Дальнейший ключик к разгадке его характера дает тот факт, что оба страждущих, казалось, близко знали его светлость, и каждый говорил ему запросто «Билл». Все приятели лорда Долиша величали его Биллом, и у него был обширный круг знакомых: гордые имена одних украшали «Дебретт», скромные фамилии других числились на досках объявлений неприметных клубов в связи с неуплатой взносов. В общем, он был из тех людей, которых так и тянет называть просто «Билл».

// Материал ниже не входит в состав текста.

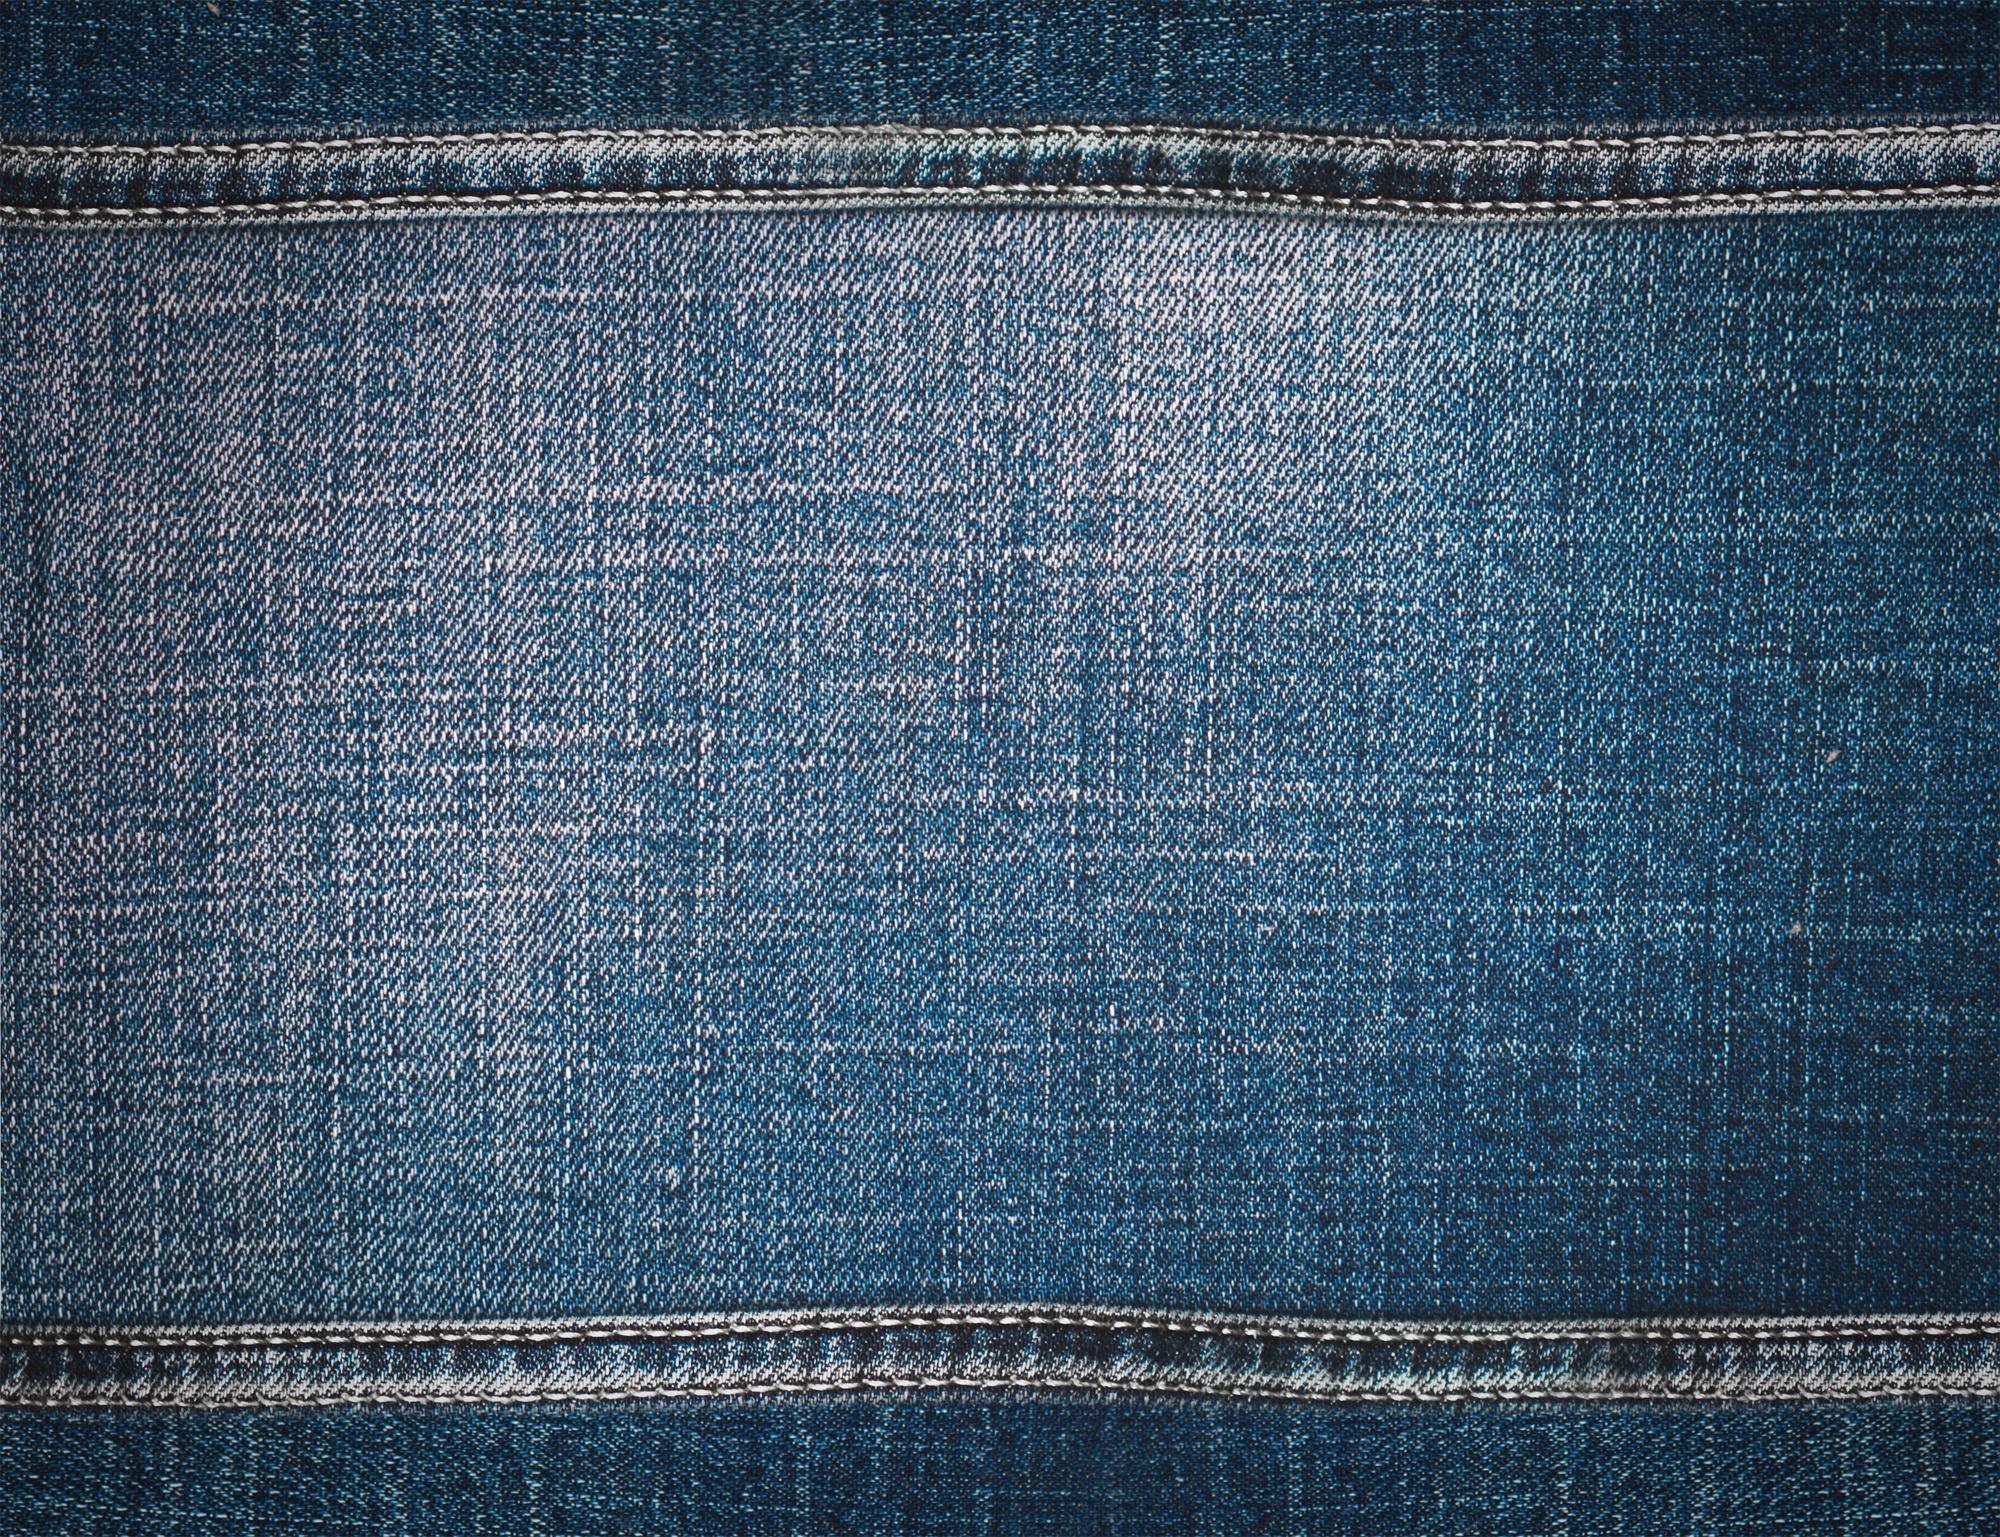 тип дизайн джинс картинки удалить фото

Увешанный спасательными кругами роковой борец с вымиранием нации не называл лорда Долиша «Билл», однако вел себя вполне по-свойски. Взор его светлости при возвращении со среднего плана был слегка затуманен: пробить во всю длину Шафтсбери-Авеню одним-единственным ударом «медяшки» - не та задача, которую можно решать небрежно и второпях; поэтому бродяге пришлось повторить легенду. Лорд Долиш посмотрел задумчиво.
- Что ж, это возможно, - произнес он, - однако требует некоторых усилий. Прошу прощения; я не уловил, что вы сказали.
Собеседник сделал одолжение и исполнил арию в третий раз, со все возрастающим пафосом, ибо в результате постоянных репетиций сам почти уверовал в правдивость текста.
- Четверо умирающих от голода детей?!..
- Четверо, дяденька, поможите чем можете!
- Полагаю, в такой ситуации у вас не остается времени для гольфа, так? – сочувственно спросил лорд Долиш.
Уже три дня, отвечал многодетный отец, уныло нажимая на пищалку-петуха, как его отпрыски сидят без хлеба.
Нарисованная картина не слишком тронула его светлость. Он не был без ума от хлеба. Однако ситуация, казалось, сильно беспокоила беднягу с кнопками. Прекрасно понимая, что вкусы различны, и – более того – о них не спорят, лорд Долиш посмотрел на собеседника с участием.
- Конечно, раз уж они любят хлеб, все это довольно неприятно, так? И что вы намерены делать?
- Купите петушка, дяденька, - заныл попрошайка. – Будет очень смешно, обхохочетесь.
Лорд Долиш посмотрел на странную птицу без энтузиазма.
- Нет, - произнес он с легким содроганием.
Повисла пауза. Ситуация, по всей видимости, зашла в тупик.
- Ну, вот что, - сказал тут лорд Долиш с видом человека, который хорошенько поразмыслил и получил в награду озарение, - дело в том, что я действительно ничего не хочу покупать. У вас, как нарочно, такой товар, на который глаза бы мои не глядели. Я не выношу спасательные круги, всегда не выносил. Я не в восторге от крючков-застежек. И я не хочу задеть ваши чувства, просто мне кажется, что эта визжащая птица – одна из самых отвратительных вещей на свете. А потому - я дам вам шиллинг, и это будет справедливо, так?
- Шутите, дяденька?!
- Вовсе нет. Вы сможете купить своим голодающим детям хлеба – я думаю, на шиллинг можно купить много хлеба. Они и вправду его любят?.. Странные малыши!
И, завершив щепетильную финансовую операцию, лорд Долиш обернулся: прямо перед ним стояла высокая девушка в белом.
Однажды в тёплый июньский день, когда время ленча выплёскивает весь Лондон на улицу, у дверей ресторана Бандолеро стоял господин, чей острый взгляд, казалось, пронзал Шефтсбери-Авеню. Это был рослый, дышащий здоровьем молодой человек с приятным добродушным резко-очерченным смуглым лицом. Он не обращал внимания на людской поток, омывающий его. Губы его были сжаты, а взгляд серьёзен и задумчив, он слегка хмурил брови. Можно было подумать, что он снедаем тайной печалью.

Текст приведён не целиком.